▶ _Exercise prompt_:
Could the data below be copied exactly, minus the pictures?

▶ _Raw data_:
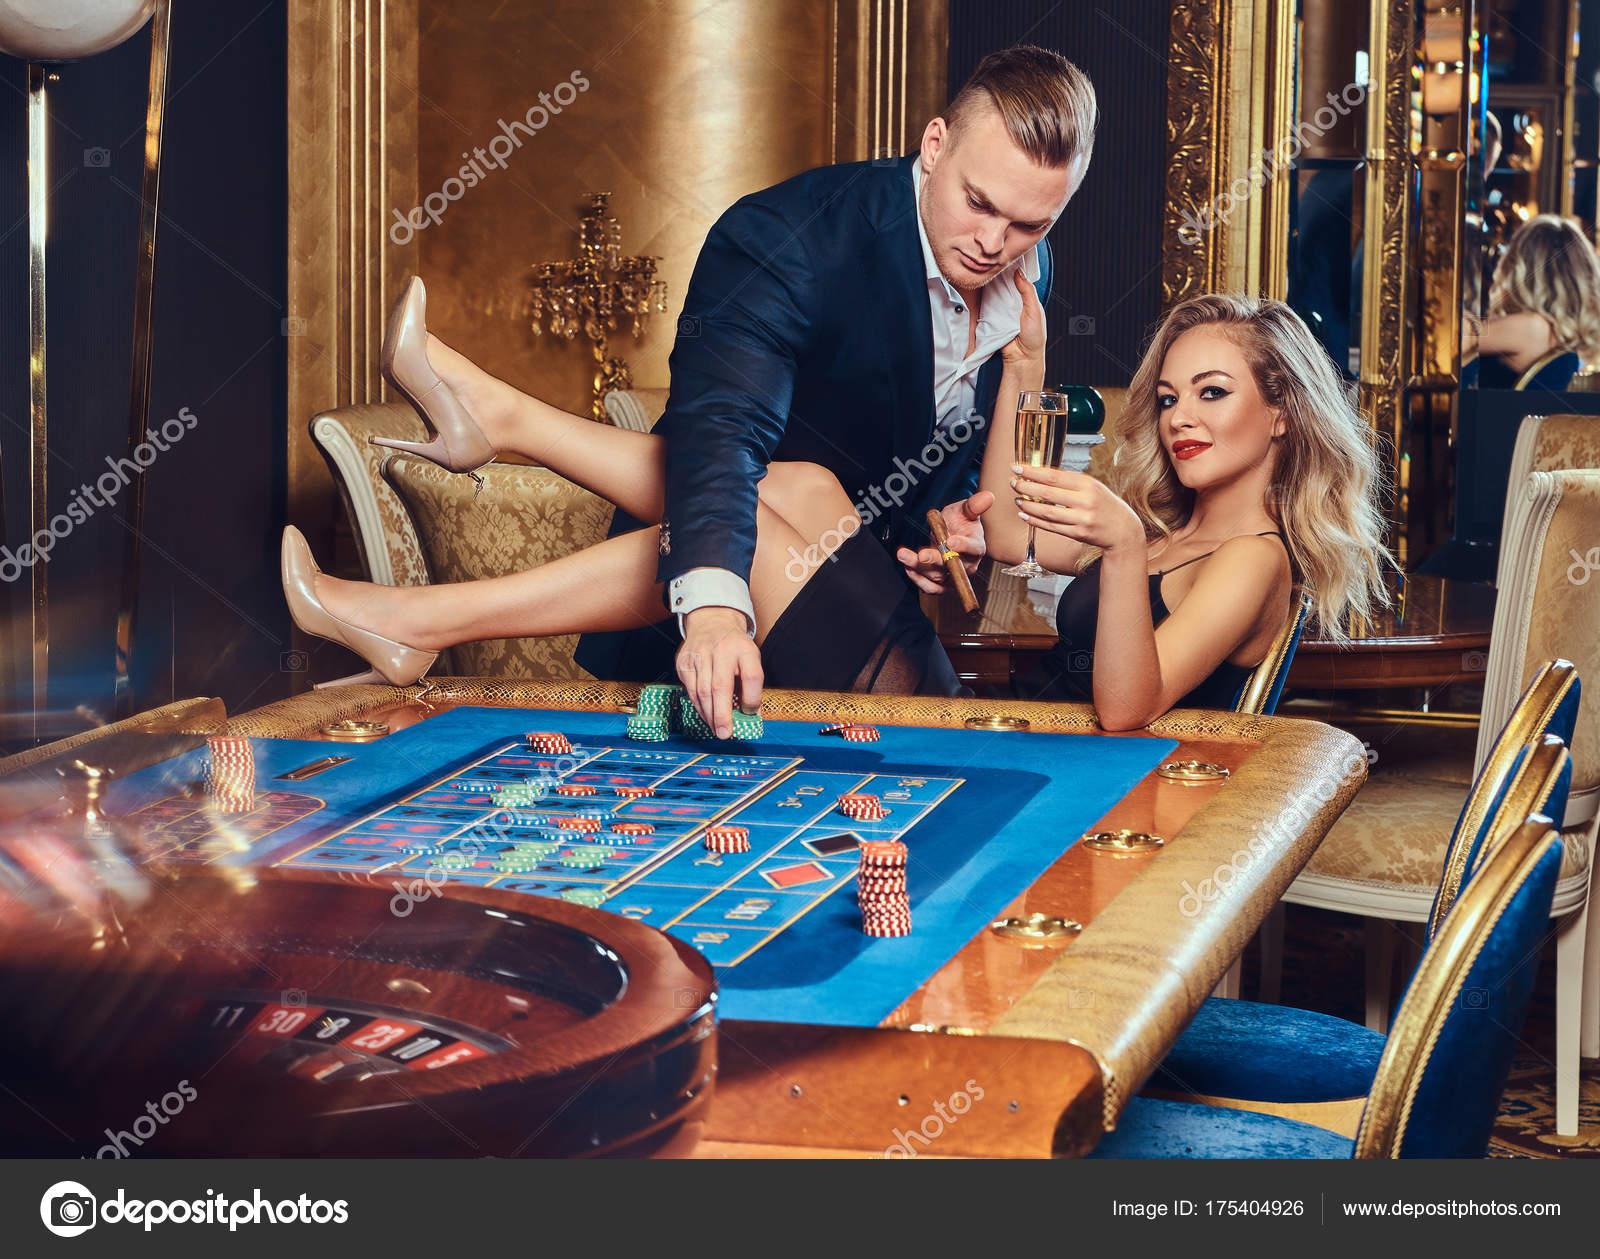 Сексуальная игра для мужчин и женщин
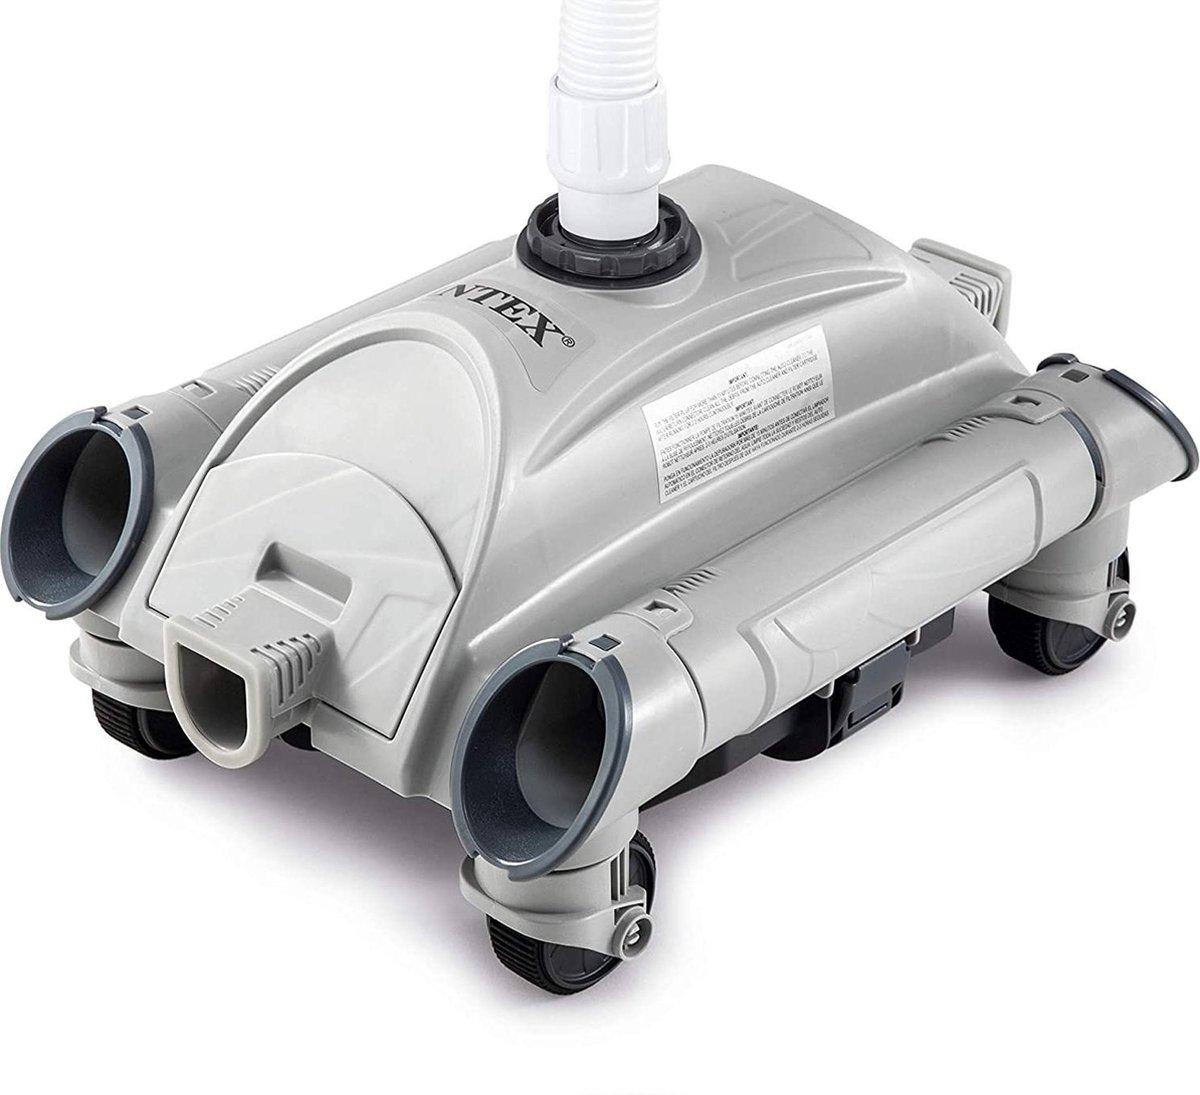 Automatische zwembad reiniger - Zwembad stofzuiger robot - Krachtige reiniger voor slangfittingen van 38mm
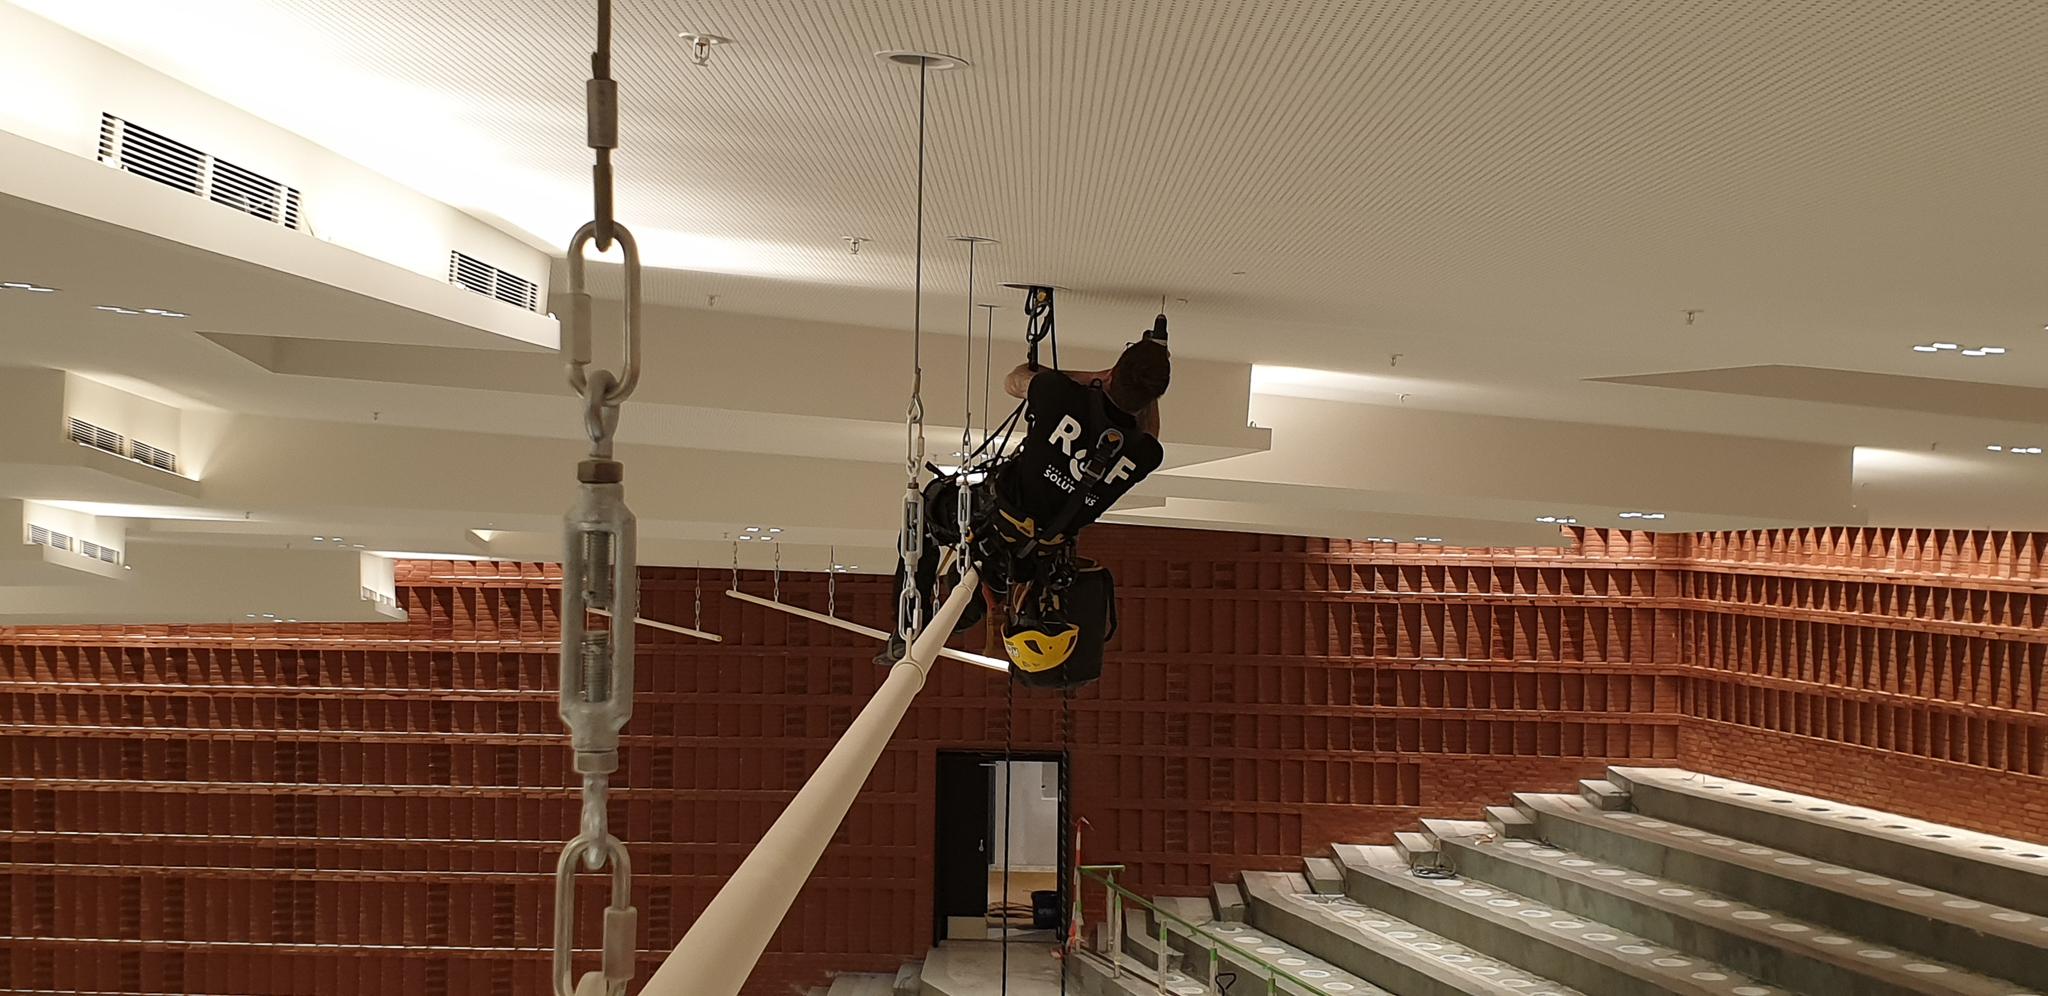 Messehalle CCH: Montage von Accesspoints durch Industriekletterer

▶ _Answer box_:
 Сексуальная игра для мужчин и женщин
 Automatische zwembad reiniger - Zwembad stofzuiger robot - Krachtige reiniger voor slangfittingen van 38mm
 Messehalle CCH: Montage von Accesspoints durch Industriekletterer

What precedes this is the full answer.